Portree has a beautiful harbor fringed by cliffs.
Peter collected us all from the 7-8 BnB's and the day started with a drive around the shore to see the Cullin, a range of rocky mountains on the island The Cullin are also known as the Black Cullin to distinguish them from the Red Hills across Glen Sligachan. The Red Hills are lower in height.
We cut across and drove along a road leading to a medieval bridge where we stopped for walks and pictures.We could see the Cullin yonder,both the black and red hills.

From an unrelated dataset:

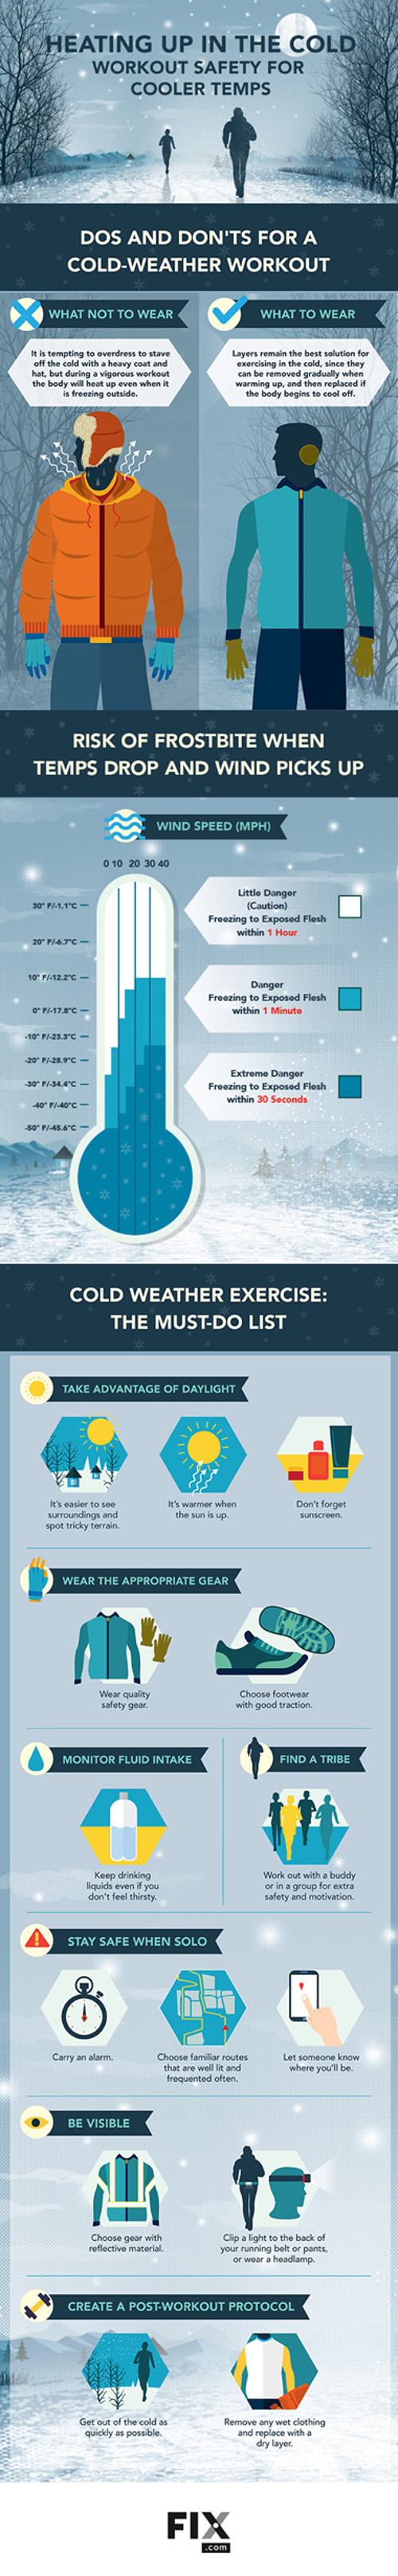 Cómo mantenerte activo en invierno infografia

We drove to Dunvegan. Dunvegan sits on the shores of the large 'Loch Dunvegan' and the Old
School restaurant in the village is widely known for its freshly caught
fish from the loch itself.It is famous for Dunvegan castle,seat of the chief of Clan Macleod
Dunvegan castle |
The name Dunvegan is Scottish Gaelic for "small castle". We took pictures of the castle and told Peter that we were not interested in reading the history and seeing the relics of the Macdonald clan.Peter more than made up by cranking out stories about the clans and their culture. But to its credit,it must be said that Dunvegan will go down as the greatest and most renowned among Hebredian strongholds,and the only one which has been continuously owned and occupied by the same family for the last eight centuries!!save for the potato famine years.
A few miles past the castle,a short walk from the road brought us to Coral beach.It is not actually coral that makes up the creamy pink tinged sand but fragments of algae.
Not swimmer friendly,but the rugged beauty of the remote and unspoilt landscape more than made it up for all 16 of the party who enjoyed the walk through the grassy pastures with cattle grazing ; the energetic amongst us went on to climb the small but
prominent hill by the beach.It opened up
to wonderful views over the islands in Loch Bay, and beyond.
After a wonderful and busy morning we drove back to the center of Portree for some nourishment and we found it in the form of pastry and coffee which was yummy.Not many of us wanted to sit down for a meal for fear of losing time away from wondrous Nature all over Skye!.